Проснувшись на следующих день от жуткого похмелья, я сначала не понимал, где я нахожусь. Где Астра? Почему здесь такой бардак? Такие мысли то и дело крутились в моей голове. Я оказался дома, в комнате Астры, где, как оказалось я разворотил весь тот порядок, весь тот маленький мир той самой девочки, которую так хотелось видеть каждое мгновение.
Я лежал с головной болью, ждав звука из кухни или ванной. Казалось, что вот-вот и откроется дверь, а из нее выйдет она, это маленькое чудо, из-за которого в последние дни я и жил, забыв про свою работу и комфорт.
Неужели все так и закончиться? Неужели финал был там, где был пролог – в поезде? Каждая шпала и километры рельс разделяли меня от того, самого желанного человека. В поезде мы встречаем и знакомимся с людьми сезонными, которых забываем после поездки, ну или вспоминаем в комедийных ролях нашего театра, расположенном в подкорке. Мне не верилось, что Астра относиться к этой категории.
На самом деле прошло уже около недели после отъезда Астры. Где я был все эти дни? Доехала ли она до пункта назначения, до той самой контрольной точки?
Мне позвонили с почты и сказали, что пришло письмо. Я заехал и забрал его. Мне часто отправляли письма насчет работы. На этот раз меня видимо потеряли, от того и письмо. Я быстро его получил, т.к. очереди совсем не было. Конверт открывать я не стал, не хотел читать гадости от директора.
Внутри меня что-то зашипело, заскрежетало, принося ужасные муки в области груди. Мне срочно нужен был Вавилон. Такая необходимость возникает исключительно единожды в жизни, как первое кормление ребенка, когда единственный раз боль матери желанна, а чаду так важна связь с этим еще незнакомым существом.
Я вызвал такси. Выкурил двенадцать сигарет за десять-пятнадцать минут пока я ждал машину. Меня разрывало изнутри.
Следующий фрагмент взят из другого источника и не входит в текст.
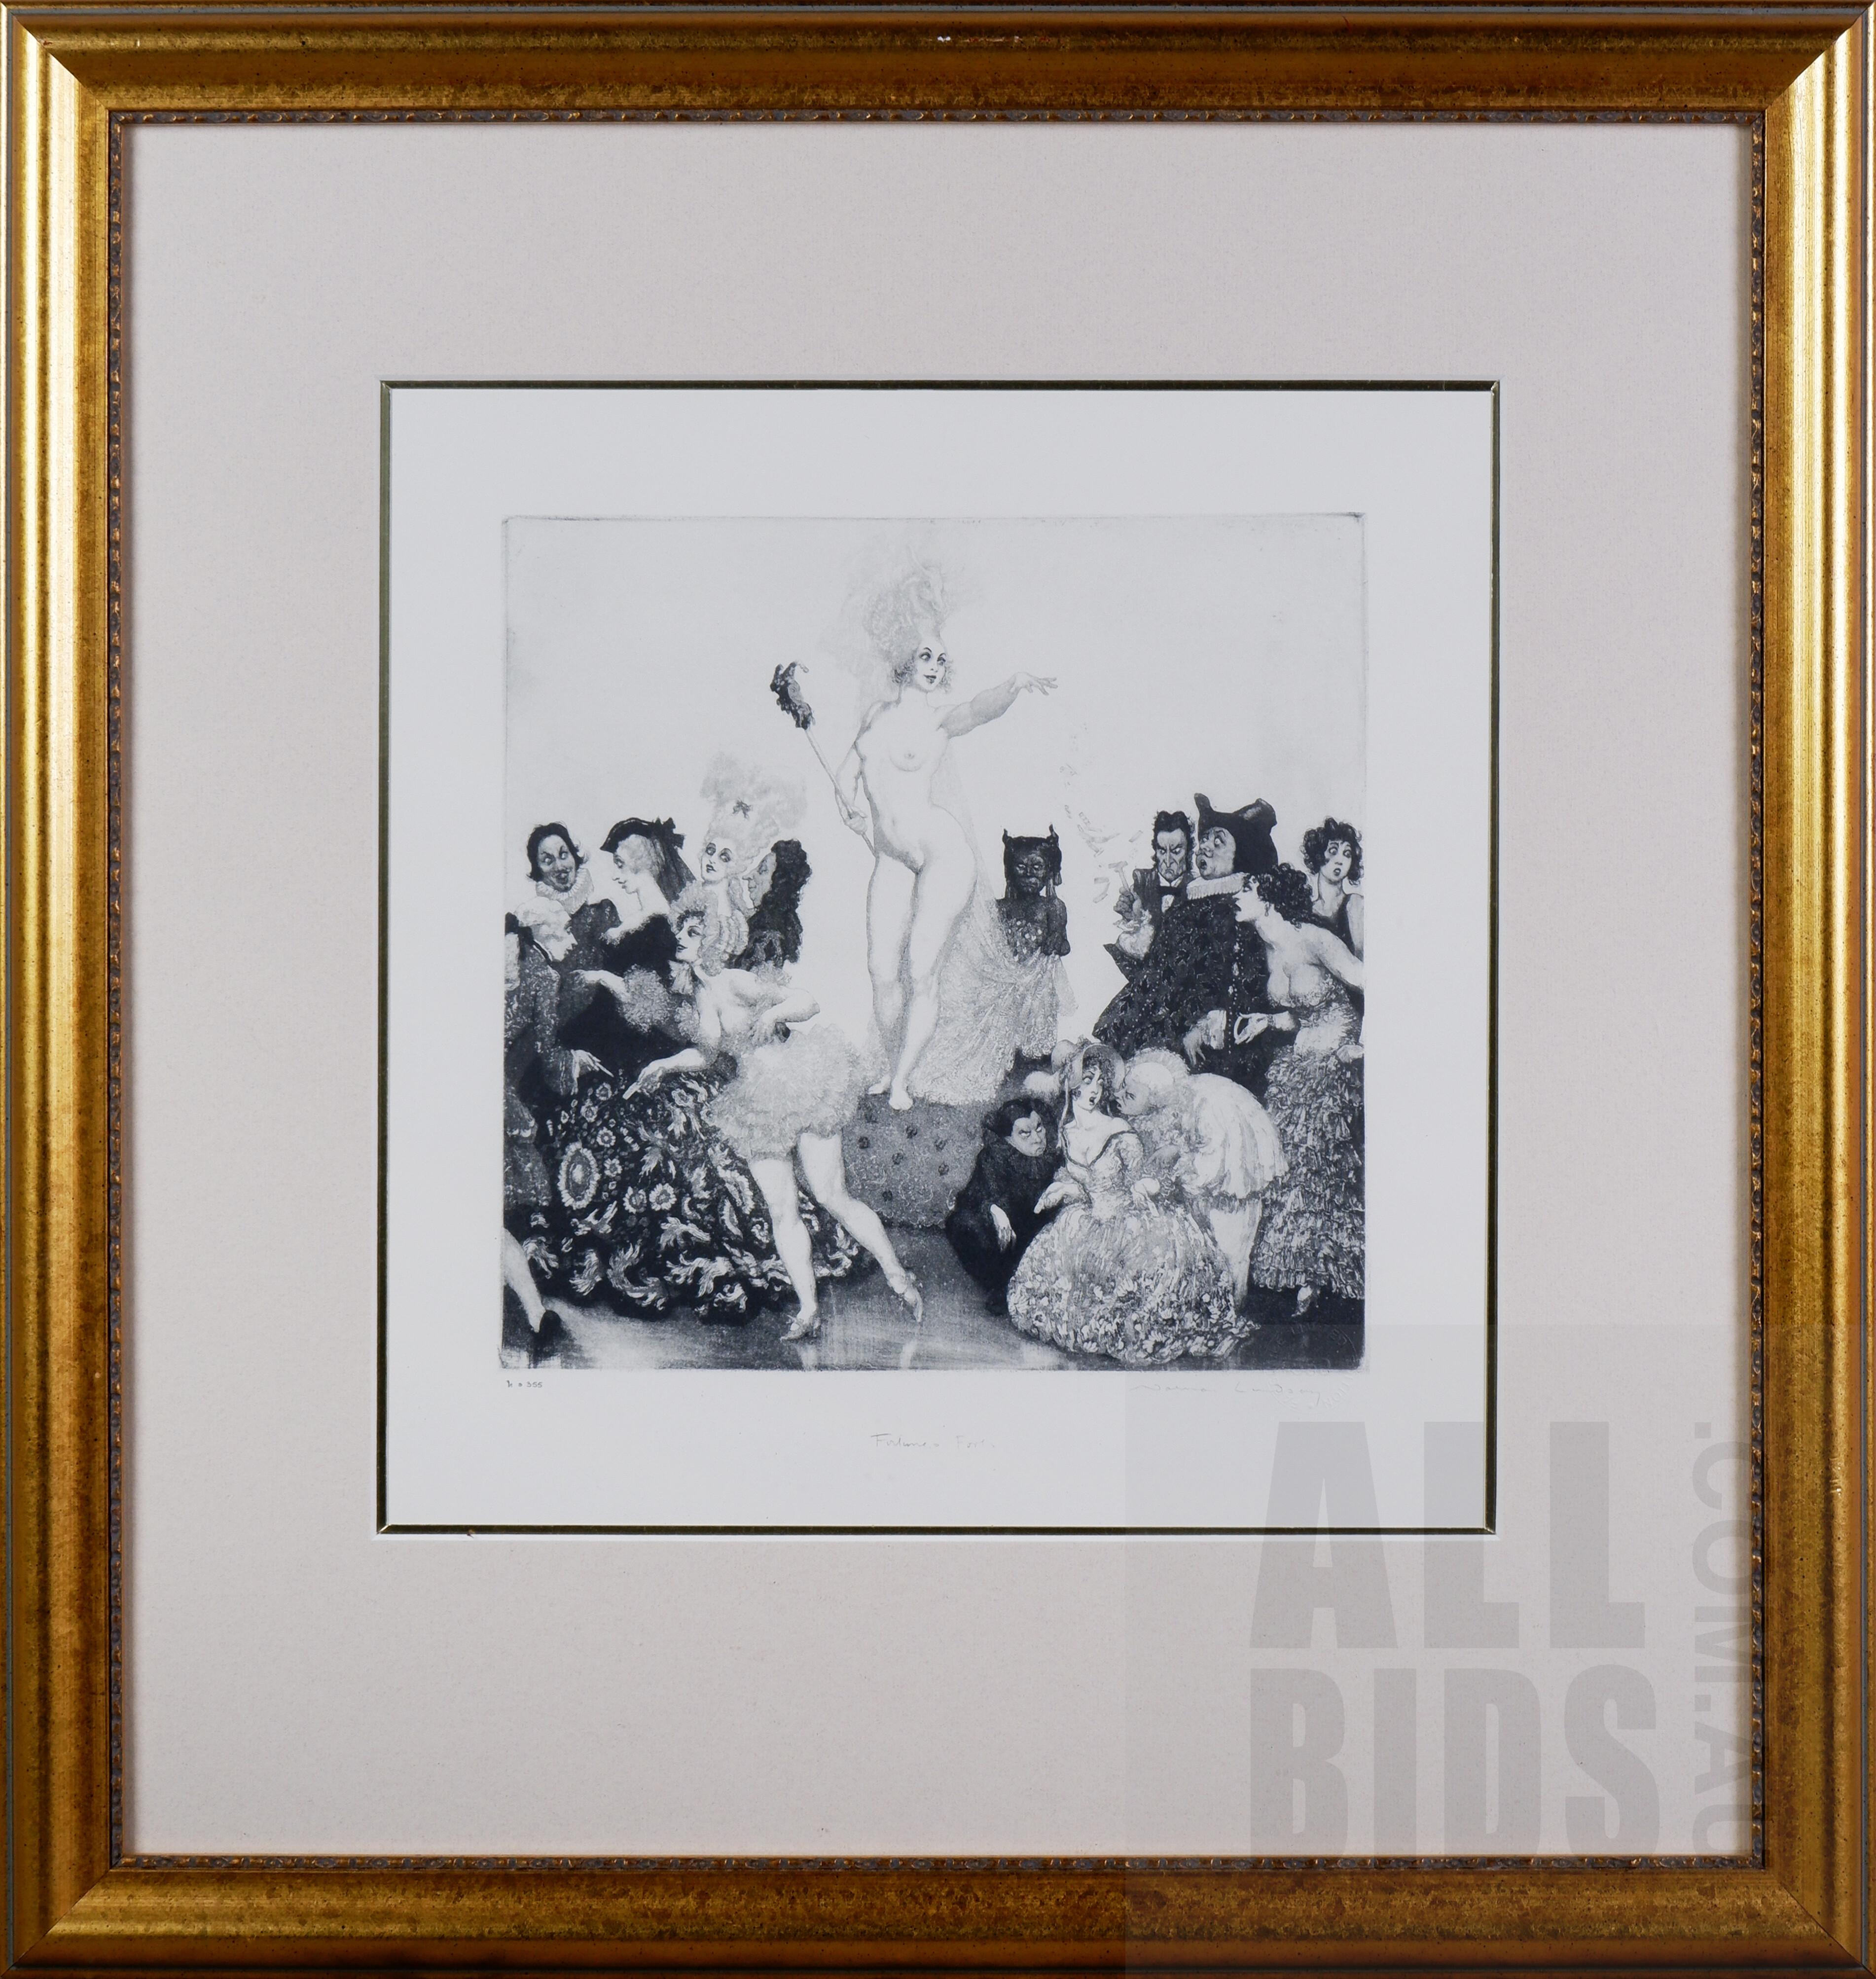 'Norman Lindsay (1879-1969), Fortunes Fools, Facsimile Etching, 25 x 25 cm'

Это была тошнота не физическая, и от нее точно нельзя было выпить таблетку, она бы не помогла. Эта была «сартровская» тошнота, которую терпеть невыносимо. Словно болото меня затянуло в это чувство. Вавилон меня спасет, думал я. И вот, я тут, перед тобой.
Передо мной сидит обрюзгший, противный юноша. Его физиономия редкими мазками напоминает мое отражение; противное, но в то же время молодое лицо. Он одет в белую рубашку, красный галстук, брюки и туфли. Складывается впечатление, что наряд ему совершенно не к лицу. Ему бы подошла фермерская одежда: дырявая соломенная шляпа, широкие штаны на подтяжках, футболка с дырками от потушенных сигарет.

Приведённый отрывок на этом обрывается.